# Rail zum selber bauen!



## No Risk (15. Januar 2006)

hi
ich hab vor mir ne rail selber zu basteln die man einfach aufne straße stellen kann, und beim grinden dann auch nicht umfliegt.
geht sowas und hat von euch einer ne idee (am besten bilder) wie ich diese rail realiesieren kann?


----------



## alöx (15. Januar 2006)

??? Wie wäre es mit selber Kop bemühen und was zeichnen und dann vllt seine Ideen hier zu posten um Meinungen oder Tipps dazu zu bekommen ? 
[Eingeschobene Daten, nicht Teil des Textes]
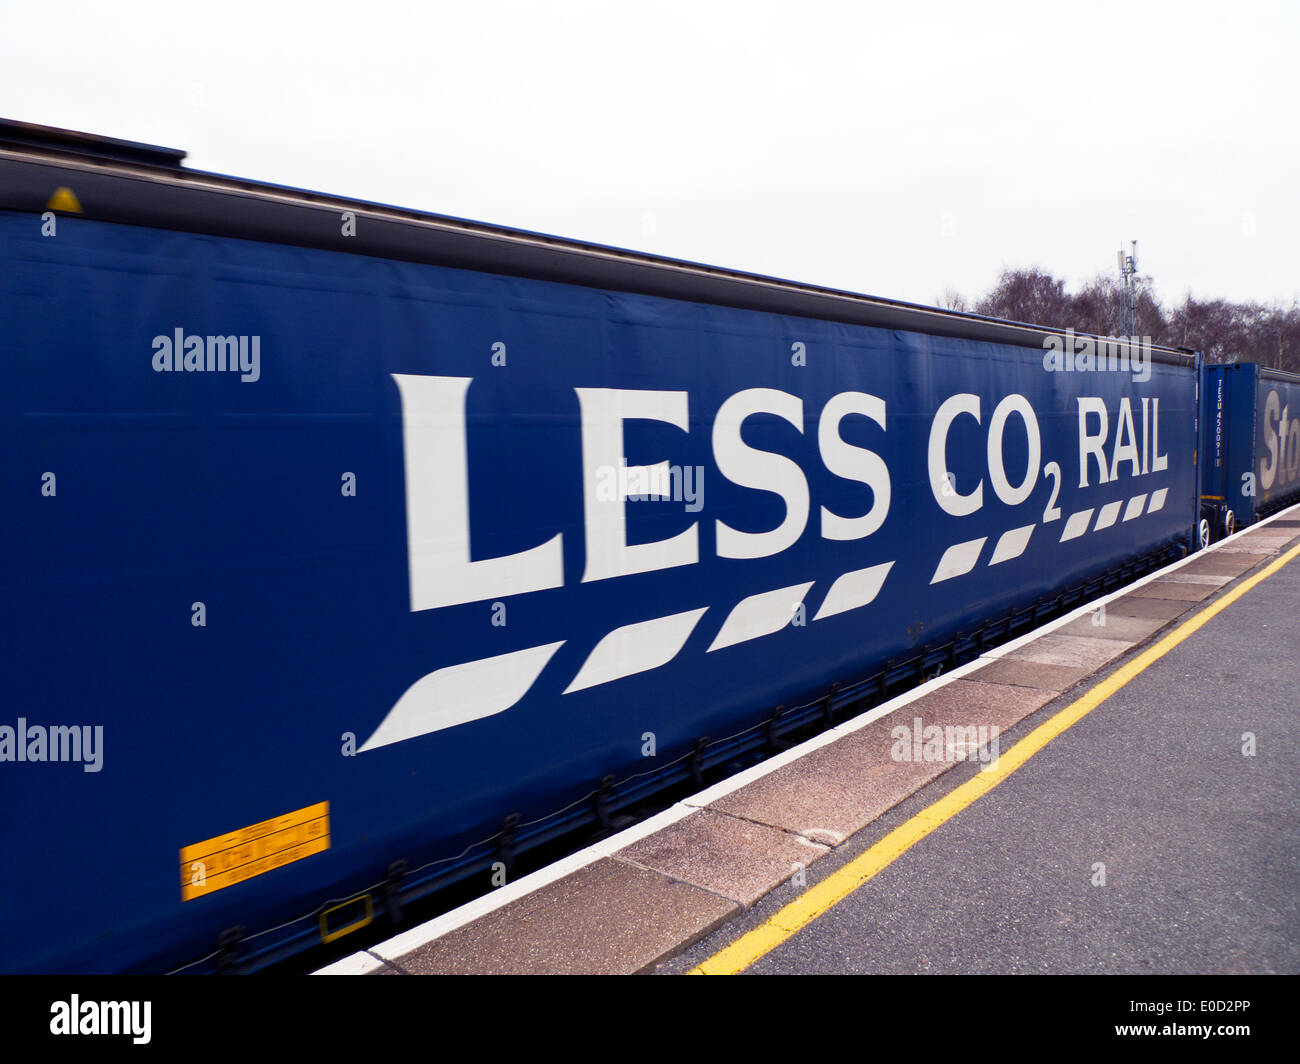 Tesco supermarket 'Less CO2 Rail' environmental advert sign on side of goods train rail freight container in Gloucestershire England UK KATHY DEWITT Stock Photo

Und komm mir bitte nicht mit einem 2min. Paintbild um so zu tun als ob.
Man den Wright's hat auch keiner alles in Hinter geschoben und stell dir vor die sind mit einem selbstgebautem Flugzeug geflogen. Und nicht nur das... sie haben es sogar Erfunden....


----------



## MTB-News.de




----------



## Tobster (15. Januar 2006)

6 paletten nehmen, diese zusammenschrauben, so das 2 übereinander sind und dann metallkanten dran... da kannst du auch dran grinden und die gefahr, das dir da denn was hinterherkommt, sobald du aufsetzt ist geringer, da die paletten ja relativ groß und standfest sind  --- ein rail zu bauen, was transportabel ist, ist ja schon möglich, jedoch ist es halt sehr schwer, dieses quasi 'freistehende' objekt' so zu konstruieren, das es auch wirklich einen festen stand hat  ... drum würde ich mir eher eine box oder etwas ähnliches bauen wenn du grinden magst 

tobi


----------



## Misanthrop (15. Januar 2006)

Baustahl
Platte auf der Unterseite anschweißen
fertig


----------



## No Risk (15. Januar 2006)

@ Tobster
so kann ich mir deine beschreibung vorstellen, sieht nicht mal schlecht aus , könnte klappen

@ Stahljunk
ich versteh deinen text nicht was soll ich wo schweißen und von was die unterseite?
ist mit baustahl: Rohre , Platten oder Kanten gemeint?


----------



## 1lLu$ioN (15. Januar 2006)

Das von Tobster "könnte" nicht nur klappen so ein teil steht bei uns am Bahnhof und es funktioniert rutscht sogut wie nich (bei uns isses auf glattem boden)!!!
Ist halbwegs transportabel kann man wegschieben sonst eher nicht tragen.


----------



## No Risk (15. Januar 2006)

@ 1lLu$ioN
kannst du mir ungefähr sagen das Gewicht?
und wie viel glaubst du muss ich an geld darein investieren?


----------



## Misanthrop (15. Januar 2006)

schwupdiwup


----------



## No Risk (15. Januar 2006)

@ Stahljunk
deine rail sieht nicht schlecht aus! 
wie hoch würdest du es bauen?
hast du schon sone rail gebaut?, wenn ja wie schwer wird ddie so ungefähr ist ja alles aus stahl.


----------



## 1lLu$ioN (15. Januar 2006)

puuuh...
Erlich gesagt ich hab keinen blassen schimmer wieviel du ausgeben musst. Ich denke aber nicht dass es viel wird. Die paletten kriegst du vielleicht sogar kostenlos bei einem Kaufhaus bzw einem Supermarkt die wollen die manchmal loswerden. dann die Stahlkante kA wird denke ich nciht sooooo teuer.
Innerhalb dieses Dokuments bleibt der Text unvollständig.